-
1. Re: Using normalised data from Microsoft SQL DataBase
Bill LyonsDec 31, 2015 6:04 PM (in response to Christian Contino)
What you call "normalized," I would call "over-normalized." In none of the examples in the document you reference do they suggest having a field name be a column value. Each column should have values that would be considered together in a set to be aggregated in some way (sum, average, etc.). Temperature and ice cream sales may be correlated in some way, but you would never add a temperature to ice cream sales. Every value in a measure column should be in the same units (e.g. currency in dollars, weight in pounds, quantity, etc.). Dimension values should all be values in the same category (e.g. names of cities, flavors of ice cream, etc.).

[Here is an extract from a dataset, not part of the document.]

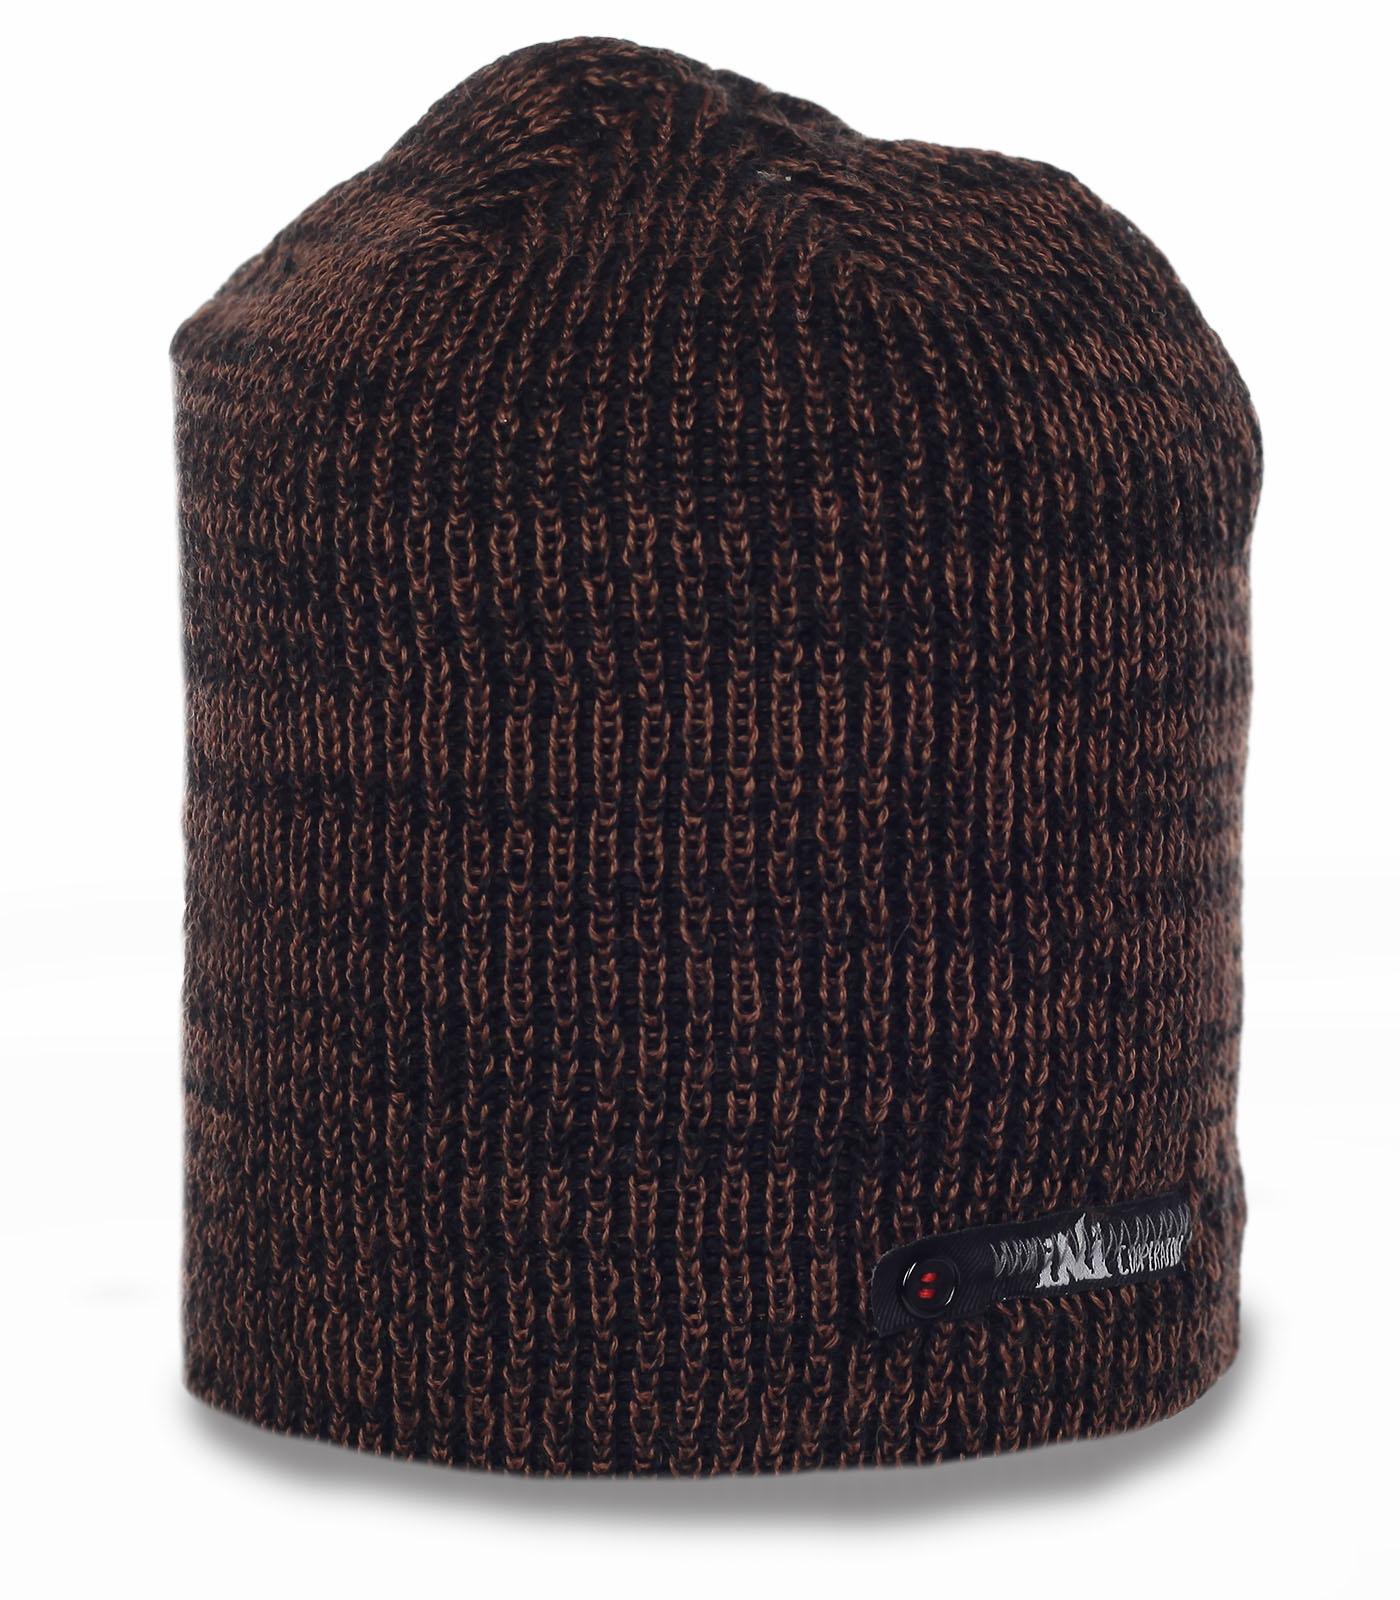 Мужская шапка Cooperative. Теплая вязаная модель на каждый день и не только
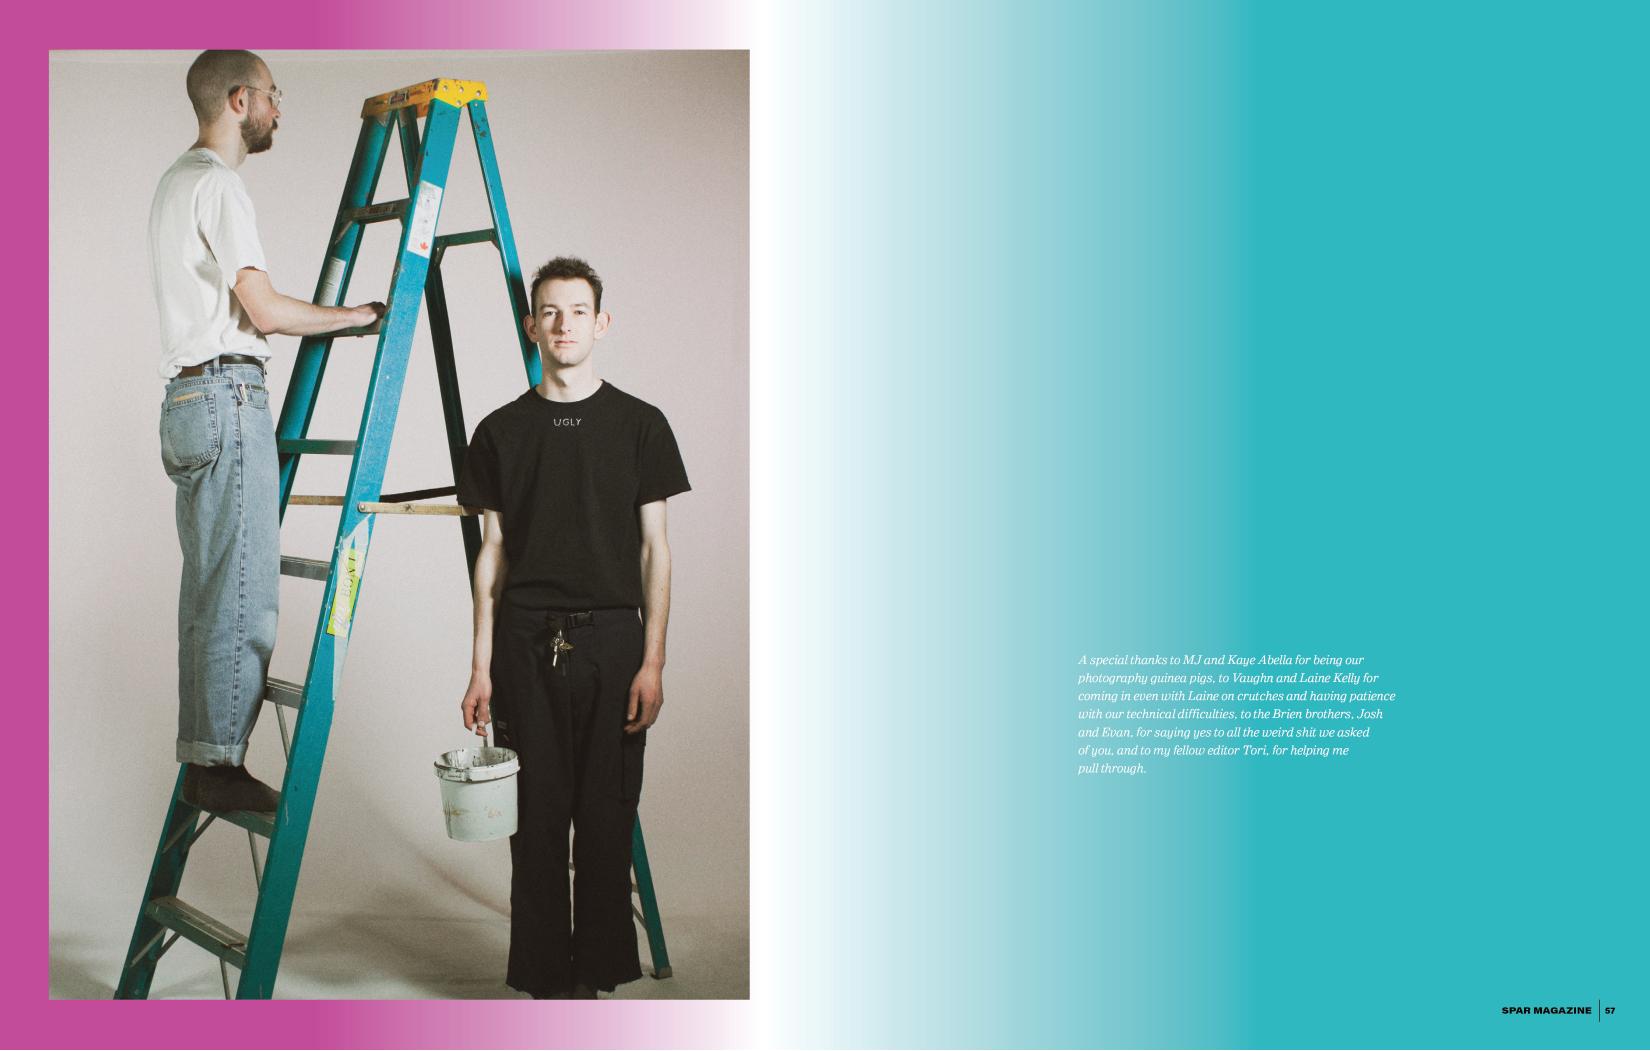 spar_magazine_feature_sm-11.png

A more common problem encountered by new Tableau users is to have multiple columns for values that should be a single column, for example they have separate columns for sales in 2010, 2011, 2012, 2013, 2014, etc. This frequently needs to be reshaped or "pivoted" to have a column for "year," and a column for "sales." This is what the old Excel reshaper tool did, and what the new data connector does in 9.0.
I hope that helps.
-
2. Re: Using normalised data from Microsoft SQL DataBase
Bora Beran Dec 31, 2015 10:25 PM (in response to Christian Contino)1 of 1 people found this helpfulHi Christian,
Depending on what you're trying to do, you can achieve this without transforming your data by simply using Field on a number of shelves. E.g. you can show average ice-cream sales and average temperature on the same chart as different color line by dragging Field onto Color shelf.
If you want to use different aggregations or use them in the same sheet in different calculations you can break them up by writing a calculation like
IF [Field]='Temperature' then [Value] END
And another calculated field like
IF [Field]='Ice Cream Sales' then [Value] END
This way you're breaking each field into a separate column since each of these fields only return the values in the [Value] column if field is of particular type.
If you really want to transform your data, you can use Custom SQL option in the Data tab and write a SQL query that takes advantage of PIVOT function on SQL Server.